§ Work instructions:
Each line that contains the word "Brown" is to be copied from the records below.

Records from a data collection:
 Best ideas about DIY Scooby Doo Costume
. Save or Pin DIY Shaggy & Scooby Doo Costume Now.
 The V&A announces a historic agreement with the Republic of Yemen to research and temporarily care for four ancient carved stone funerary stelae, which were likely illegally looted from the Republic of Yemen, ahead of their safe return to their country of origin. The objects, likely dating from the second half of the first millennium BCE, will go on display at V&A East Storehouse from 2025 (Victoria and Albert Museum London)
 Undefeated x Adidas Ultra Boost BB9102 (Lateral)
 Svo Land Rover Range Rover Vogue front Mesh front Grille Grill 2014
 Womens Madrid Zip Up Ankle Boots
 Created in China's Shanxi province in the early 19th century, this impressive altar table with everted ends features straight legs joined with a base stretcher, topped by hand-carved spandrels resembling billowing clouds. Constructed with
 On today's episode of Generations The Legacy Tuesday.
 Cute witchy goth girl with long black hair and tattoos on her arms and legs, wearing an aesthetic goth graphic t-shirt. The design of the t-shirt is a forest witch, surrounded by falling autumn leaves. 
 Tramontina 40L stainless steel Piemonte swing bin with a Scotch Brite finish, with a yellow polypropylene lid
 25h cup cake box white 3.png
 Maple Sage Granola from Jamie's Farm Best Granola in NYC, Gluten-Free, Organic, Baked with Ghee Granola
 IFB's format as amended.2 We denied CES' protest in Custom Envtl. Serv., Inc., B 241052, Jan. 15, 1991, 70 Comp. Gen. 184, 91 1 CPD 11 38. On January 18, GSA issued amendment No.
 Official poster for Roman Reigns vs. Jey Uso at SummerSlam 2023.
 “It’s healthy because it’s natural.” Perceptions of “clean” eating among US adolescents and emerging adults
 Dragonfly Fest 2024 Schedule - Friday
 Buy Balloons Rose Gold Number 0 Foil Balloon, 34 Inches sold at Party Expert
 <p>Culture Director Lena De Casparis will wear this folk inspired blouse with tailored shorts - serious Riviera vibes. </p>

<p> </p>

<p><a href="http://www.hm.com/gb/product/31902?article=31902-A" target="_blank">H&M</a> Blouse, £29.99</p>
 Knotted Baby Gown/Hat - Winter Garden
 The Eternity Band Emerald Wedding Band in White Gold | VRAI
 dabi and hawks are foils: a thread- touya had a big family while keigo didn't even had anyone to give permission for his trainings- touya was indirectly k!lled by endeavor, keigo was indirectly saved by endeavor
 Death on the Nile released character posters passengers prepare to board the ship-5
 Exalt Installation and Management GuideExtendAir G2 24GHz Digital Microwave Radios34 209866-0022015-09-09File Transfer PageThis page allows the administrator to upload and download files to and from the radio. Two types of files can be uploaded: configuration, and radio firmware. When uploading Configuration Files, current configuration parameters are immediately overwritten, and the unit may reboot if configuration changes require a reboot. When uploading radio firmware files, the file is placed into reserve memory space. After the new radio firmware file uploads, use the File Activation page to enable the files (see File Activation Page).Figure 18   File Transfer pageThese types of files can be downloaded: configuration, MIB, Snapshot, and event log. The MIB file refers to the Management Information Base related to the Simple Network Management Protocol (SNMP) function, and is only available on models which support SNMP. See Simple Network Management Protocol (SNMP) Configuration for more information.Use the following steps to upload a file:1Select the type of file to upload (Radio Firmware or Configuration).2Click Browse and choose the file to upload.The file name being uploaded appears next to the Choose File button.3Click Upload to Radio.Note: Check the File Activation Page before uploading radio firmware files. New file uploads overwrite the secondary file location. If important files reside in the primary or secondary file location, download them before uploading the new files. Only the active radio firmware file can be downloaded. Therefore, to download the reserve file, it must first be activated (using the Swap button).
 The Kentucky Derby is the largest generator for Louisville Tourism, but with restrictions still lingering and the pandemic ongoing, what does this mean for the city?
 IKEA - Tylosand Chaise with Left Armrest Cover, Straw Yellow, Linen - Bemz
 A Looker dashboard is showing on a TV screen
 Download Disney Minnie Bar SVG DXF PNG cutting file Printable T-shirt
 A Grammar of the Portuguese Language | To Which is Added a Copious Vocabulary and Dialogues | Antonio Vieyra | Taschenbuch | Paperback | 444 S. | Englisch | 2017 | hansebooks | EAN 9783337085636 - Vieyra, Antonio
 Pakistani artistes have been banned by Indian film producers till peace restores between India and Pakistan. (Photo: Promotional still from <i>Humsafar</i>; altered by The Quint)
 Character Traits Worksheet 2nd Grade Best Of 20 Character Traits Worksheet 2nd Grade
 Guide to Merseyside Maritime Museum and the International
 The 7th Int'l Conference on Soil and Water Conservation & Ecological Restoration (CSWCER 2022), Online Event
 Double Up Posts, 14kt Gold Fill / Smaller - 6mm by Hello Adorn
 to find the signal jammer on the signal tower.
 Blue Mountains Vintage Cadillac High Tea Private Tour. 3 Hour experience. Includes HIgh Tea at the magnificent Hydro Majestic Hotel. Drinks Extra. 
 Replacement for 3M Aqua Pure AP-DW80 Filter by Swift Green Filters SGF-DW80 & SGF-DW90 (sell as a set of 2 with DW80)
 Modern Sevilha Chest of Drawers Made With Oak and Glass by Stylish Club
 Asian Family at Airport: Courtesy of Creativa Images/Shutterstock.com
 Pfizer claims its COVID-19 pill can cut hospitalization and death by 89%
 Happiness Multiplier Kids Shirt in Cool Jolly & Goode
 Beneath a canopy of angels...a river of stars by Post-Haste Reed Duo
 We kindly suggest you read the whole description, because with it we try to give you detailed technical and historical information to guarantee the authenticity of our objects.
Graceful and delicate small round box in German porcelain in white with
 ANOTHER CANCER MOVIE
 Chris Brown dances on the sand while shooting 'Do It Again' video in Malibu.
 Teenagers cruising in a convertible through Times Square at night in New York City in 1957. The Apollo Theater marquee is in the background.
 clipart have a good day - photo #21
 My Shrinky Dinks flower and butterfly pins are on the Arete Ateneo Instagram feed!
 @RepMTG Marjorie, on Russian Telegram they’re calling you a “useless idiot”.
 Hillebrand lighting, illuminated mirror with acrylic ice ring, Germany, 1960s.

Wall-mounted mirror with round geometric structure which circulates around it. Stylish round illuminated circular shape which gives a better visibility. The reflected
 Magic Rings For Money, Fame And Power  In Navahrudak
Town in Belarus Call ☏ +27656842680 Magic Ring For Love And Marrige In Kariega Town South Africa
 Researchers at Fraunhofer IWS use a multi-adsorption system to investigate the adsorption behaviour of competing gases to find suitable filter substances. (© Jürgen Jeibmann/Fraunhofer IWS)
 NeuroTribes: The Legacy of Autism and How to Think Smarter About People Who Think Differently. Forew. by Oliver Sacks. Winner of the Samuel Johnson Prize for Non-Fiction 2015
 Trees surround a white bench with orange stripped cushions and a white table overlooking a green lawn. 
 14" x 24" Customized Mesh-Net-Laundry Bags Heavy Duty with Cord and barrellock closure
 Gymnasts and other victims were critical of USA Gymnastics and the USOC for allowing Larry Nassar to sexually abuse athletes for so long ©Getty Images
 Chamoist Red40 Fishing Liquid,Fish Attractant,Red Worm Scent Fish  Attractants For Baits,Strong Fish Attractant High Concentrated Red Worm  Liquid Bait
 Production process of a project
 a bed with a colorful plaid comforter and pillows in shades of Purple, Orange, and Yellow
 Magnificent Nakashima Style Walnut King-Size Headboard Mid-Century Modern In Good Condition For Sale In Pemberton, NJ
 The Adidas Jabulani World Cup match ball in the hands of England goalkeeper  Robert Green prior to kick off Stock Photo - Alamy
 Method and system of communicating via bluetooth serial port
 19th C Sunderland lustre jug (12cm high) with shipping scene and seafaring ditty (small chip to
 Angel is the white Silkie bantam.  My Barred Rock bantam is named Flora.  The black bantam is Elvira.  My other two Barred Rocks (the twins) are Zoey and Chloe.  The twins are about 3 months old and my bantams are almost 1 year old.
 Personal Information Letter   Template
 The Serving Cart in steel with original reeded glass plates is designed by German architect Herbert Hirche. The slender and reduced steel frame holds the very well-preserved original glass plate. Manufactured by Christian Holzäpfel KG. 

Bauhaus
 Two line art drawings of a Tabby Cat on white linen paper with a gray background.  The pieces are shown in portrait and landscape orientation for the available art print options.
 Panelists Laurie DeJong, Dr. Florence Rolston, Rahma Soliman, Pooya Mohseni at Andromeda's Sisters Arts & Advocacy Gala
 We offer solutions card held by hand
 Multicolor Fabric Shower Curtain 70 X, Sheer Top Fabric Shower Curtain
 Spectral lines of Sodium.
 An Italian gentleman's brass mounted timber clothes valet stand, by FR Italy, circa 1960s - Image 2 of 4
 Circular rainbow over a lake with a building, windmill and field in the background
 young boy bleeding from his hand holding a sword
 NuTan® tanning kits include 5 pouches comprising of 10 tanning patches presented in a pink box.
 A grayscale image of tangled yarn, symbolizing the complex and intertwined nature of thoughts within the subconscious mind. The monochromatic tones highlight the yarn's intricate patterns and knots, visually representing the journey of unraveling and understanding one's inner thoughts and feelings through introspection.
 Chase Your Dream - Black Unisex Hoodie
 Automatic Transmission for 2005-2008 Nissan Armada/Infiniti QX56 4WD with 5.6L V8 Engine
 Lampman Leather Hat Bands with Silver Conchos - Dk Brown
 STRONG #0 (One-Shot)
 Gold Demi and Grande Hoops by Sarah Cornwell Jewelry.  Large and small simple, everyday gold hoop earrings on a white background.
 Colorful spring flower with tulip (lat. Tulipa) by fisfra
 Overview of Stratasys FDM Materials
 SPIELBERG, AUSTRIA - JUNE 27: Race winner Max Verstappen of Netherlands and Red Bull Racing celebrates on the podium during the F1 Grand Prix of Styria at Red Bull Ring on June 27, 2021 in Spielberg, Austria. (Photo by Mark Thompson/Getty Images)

§ Result of the task:
 Chris Brown dances on the sand while shooting 'Do It Again' video in Malibu.
 Lampman Leather Hat Bands with Silver Conchos - Dk Brown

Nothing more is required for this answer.